You Will Die/I Will Kill You
This cut erupts right from "Robustus" and features a bouncy, cheerful feel to it that will catch the usual metal listener by surprise but which works brilliantly. Mike Scalzi's vocals immediately make their mark with their lower register, and the guitar solo is exquisite. Just listen to the complex procession of riffs in the second half of the track...equal to anything in the classic days of Iron Maiden.

This is another brief but potent instrumental that is so simple but catchy. It's driving, heavy and to the point.

Hiberno-Latin Invasion
This one comes out of the gate with some extremely cool dual guitar riffing where the band's Celtic flavor comes to the fore. The main theme is almost like an old Irish jig as if it were played by Thin Lizzy. The lyrics deal exactly with what the title ancient conflict between Spaniards and Celts - an enchanting track.

Climax of a Generation
This fast and melodic speed metal track features more amazing twin guitar work and has a bit more of a modern power metal influence. The guitar arpeggios here are just awesome and some of the best ever in the genre and enhance a tough, spacey metal tune. Yet another instrumental, this is the most advanced of the bunch.

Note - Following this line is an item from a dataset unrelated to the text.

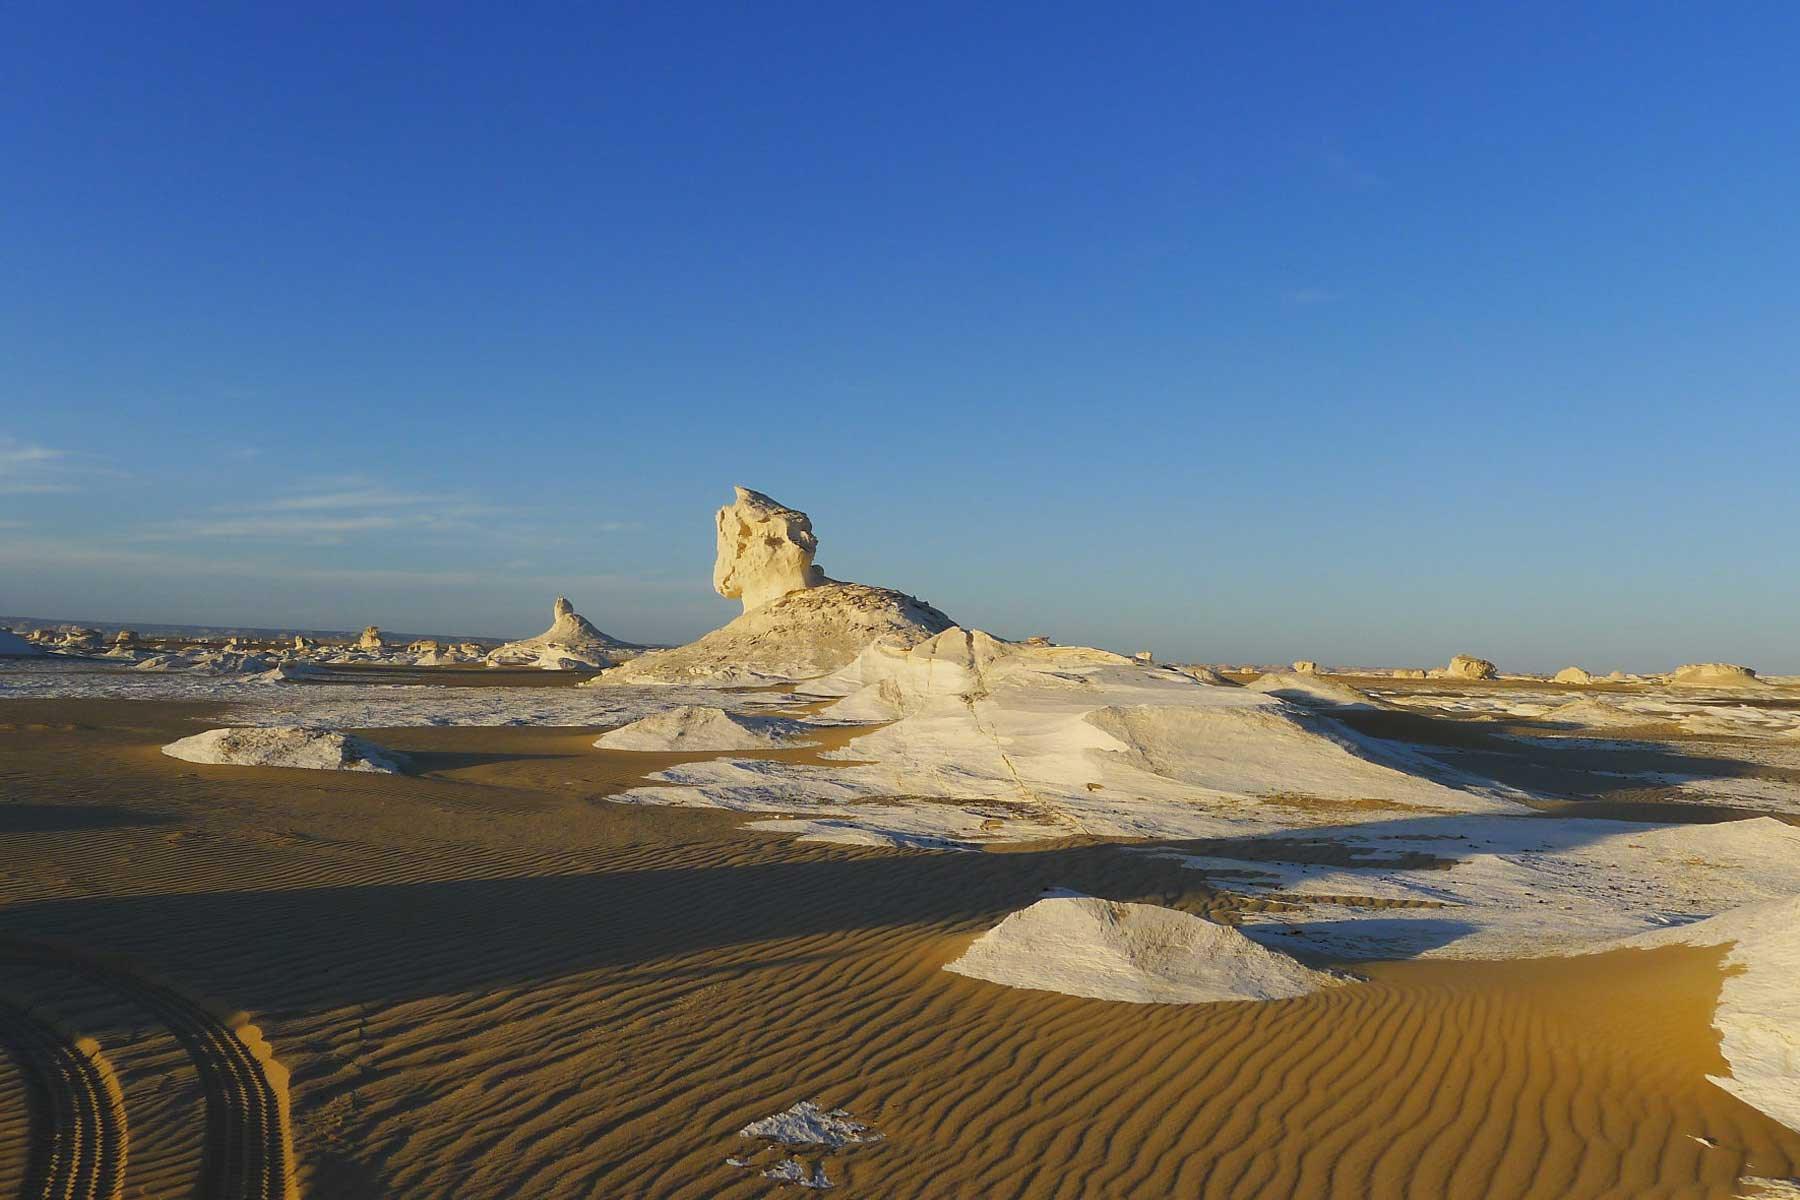 Bahariya oasis in Egypt

The record cools down with this acoustic interlude. Even though it's not metal, it has a very moody feeling to it. Slough Feg's folk and medieval music influences are even more pronounced and Scalzi's vocals fit the track perfectly.
Eumaeus the Swineherd
This is a slower, more deliberate but very heavy cut that again has an aura of ancient days. The lyrics seem related to the Trojan War and Greek tragedy.

Curse of Athena
An ominous, bass-driven cut, this brings Slough Feg's doomier side to the fore. The band shows they are just as powerful in this slower mode as with the faster material.
Agnostic Grunt/High Season V
I'm treating these two as one song, since that's basically the way I heard it. The groan-inducing pun in "Agnostic Grunt" won't be lost on any fan of hardcore punk. This one-two punch features some very cool near-thrash riffing in the midst and again segues neatly into the next one.

Starport Blues
This track has a real 70's rock feel to it, kind of like something from the first few Sabbath albums or maybe Thin Lizzy again. It revolves around a bouncing, bluesy kind of riff that's different than anything else on the album, and the guitar solos have an uncanny likeness to old school Tony Iommi.

Man Out of Time
Alternating between acoustic, folky verses and heavy, baroque sounding guitar work, this is one of the better fusions of metal and folk that I have heard.

Agony Slalom
Majestic twin guitar work introduces this song, which again sports a kind of "happy" feel despite still being unabashed metal. The band's touch at coming up with intriguing melodies doesn't flag at any point during the album and is especially strong here. Just when the original theme starts to wear out its welcome, the song shifts gears to a faster, more vigorous section with plenty of lead guitar.

Atavism II
Power and majesty are the hallmarks of this ending tune, which picks up many of the threads on the earlier "Atavism", but substitutes metal for the acoustic feel. This cut has a little bit of everything but still sounds like a coherent whole. Few are the bands who could pull this off so convincingly.